By Benjamin Braun, Editor-in-Chief, University of Kentucky; Priscilla Bremser, Contributing Editor, Middlebury College; Art Duval, Contributing Editor, University of Texas at El Paso; Elise Lockwood, Contributing Editor, Oregon State University; and Diana White, Contributing Editor, University of Colorado Denver.
Editor’s note: This is the second article in a series devoted to active learning in mathematics courses. The other articles in the series can be found here.
Mathematics faculty are well-aware that students face challenges when encountering difficult problems, and it is common to hear instructors remark that successful students have high levels of “mathematical maturity,” or are particularly “creative,” or write “elegant” solutions to problems. To appreciate research results regarding active learning, it is useful to make these ideas more precise.
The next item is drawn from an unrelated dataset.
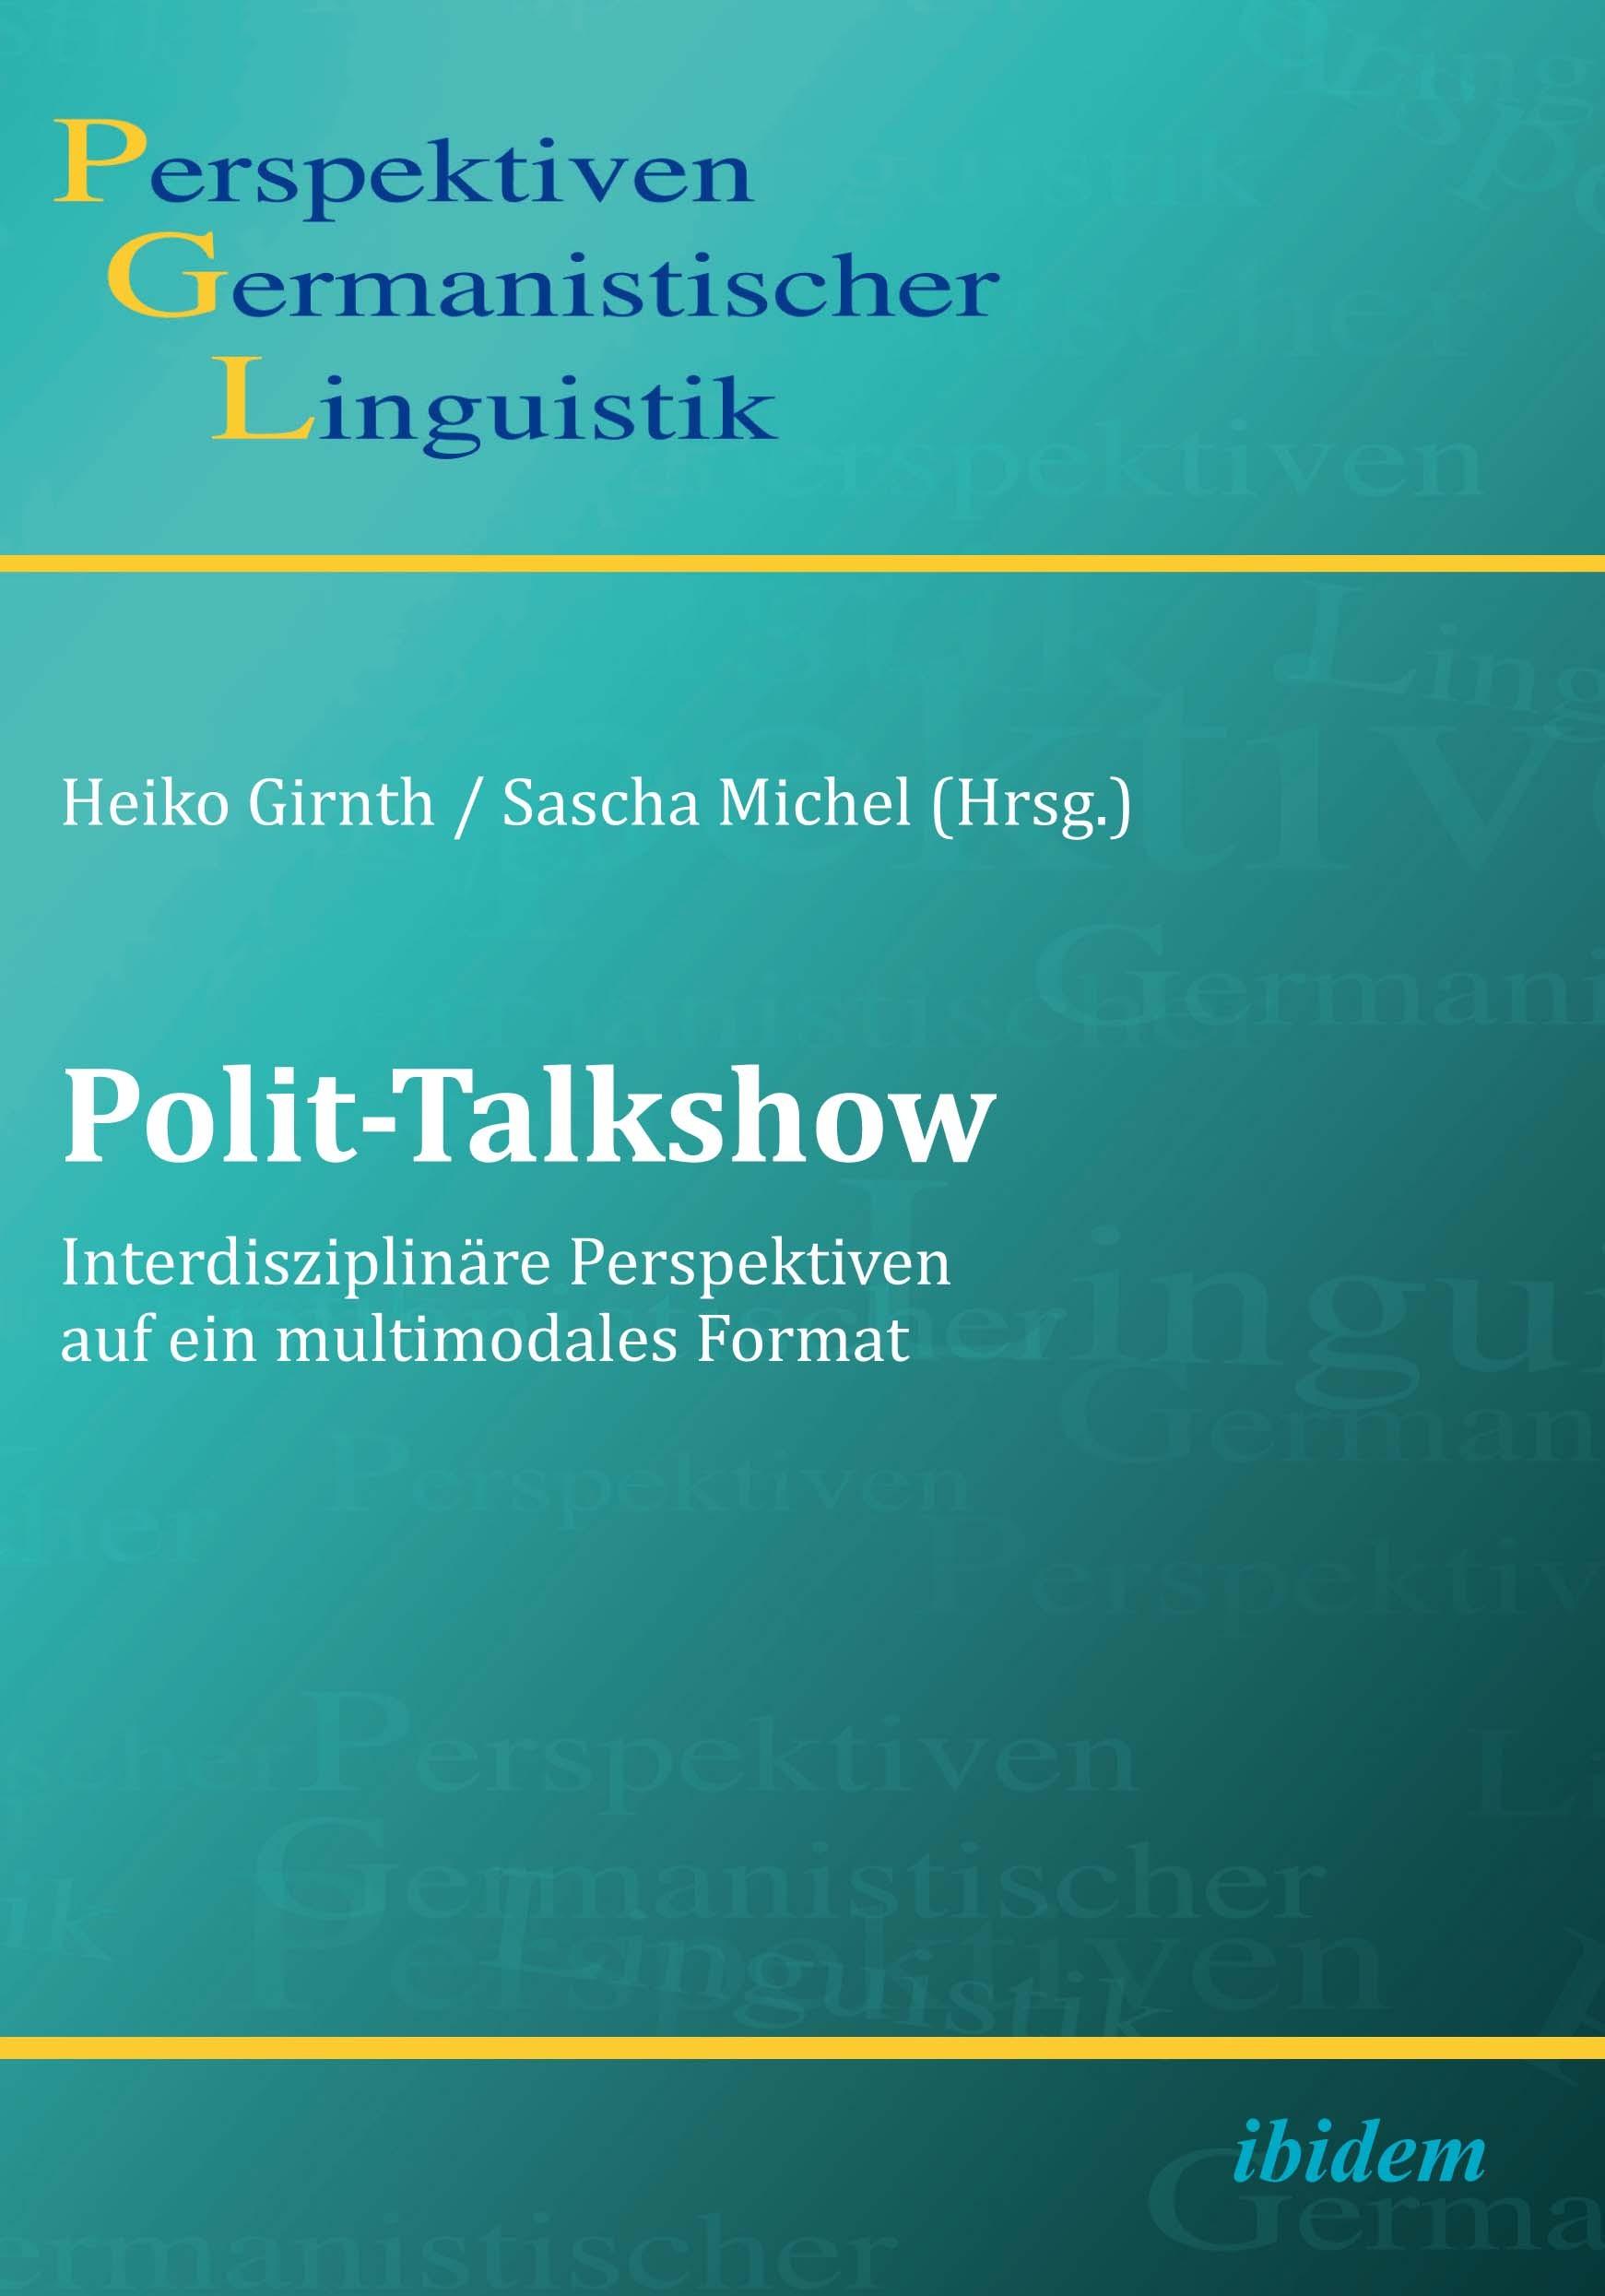 Polit Talkshow

Motivated by research in education, psychology, and sociology, language has been developed that can help mathematicians clarify what we mean when we talk about difficulty levels of problems, and the types of difficulty levels problems can have. This expanded vocabulary is in large part motivated by…
…the “cognitive revolution” [of the 1970’s and 1980’s]… [which] produced a significant reconceptualization of what it means to understand subject matter in different domains. There was a fundamental shift from an exclusive emphasis on knowledge — what does the student know? — to a focus on what students know and can do with their knowledge. The idea was not that knowledge is unimportant. Clearly, the more one knows, the greater the potential for that knowledge to be used. Rather, the idea was that having the knowledge was not enough; being able to use it in the appropriate circumstances is an essential component of proficiency.
— Alan Schoenfeld, Assessing Mathematical Proficiency 
In this article, we will explore the concept and language of “level of cognitive demand” for tasks that students encounter. A primary motivation for our discussion is the important observation in the 2014 Proceedings of the National Academy of Science (PNAS) article “Active learning increases student performance in science, engineering, and mathematics” by Freeman, et al. , that active learning has a greater impact on student performance on concept inventories than on instructor-written examinations. Concept inventories are “tests of the most basic conceptual comprehension of foundations of a subject and not of computation skill” and are “quite different from final exams and make no pretense of testing everything in a course” . The Calculus Concept Inventory is the most well-known inventory in mathematics, though compared to disciplines such as physics these inventories are less robust since they are in relatively early stages of development. Freeman et al. state:
Although student achievement was higher under active learning for both [instructor-written course examinations and concept inventories], we hypothesize that the difference in gains for examinations versus concept inventories may be due to the two types of assessments testing qualitatively different cognitive skills. This is consistent with previous research indicating that active learning has a greater impact on student mastery of higher- versus lower-level cognitive skills…
After introducing levels of cognitive demand in this article, our next article in this series will directly connect this topic to active learning techniques that are frequently used and promoted for postsecondary mathematics courses.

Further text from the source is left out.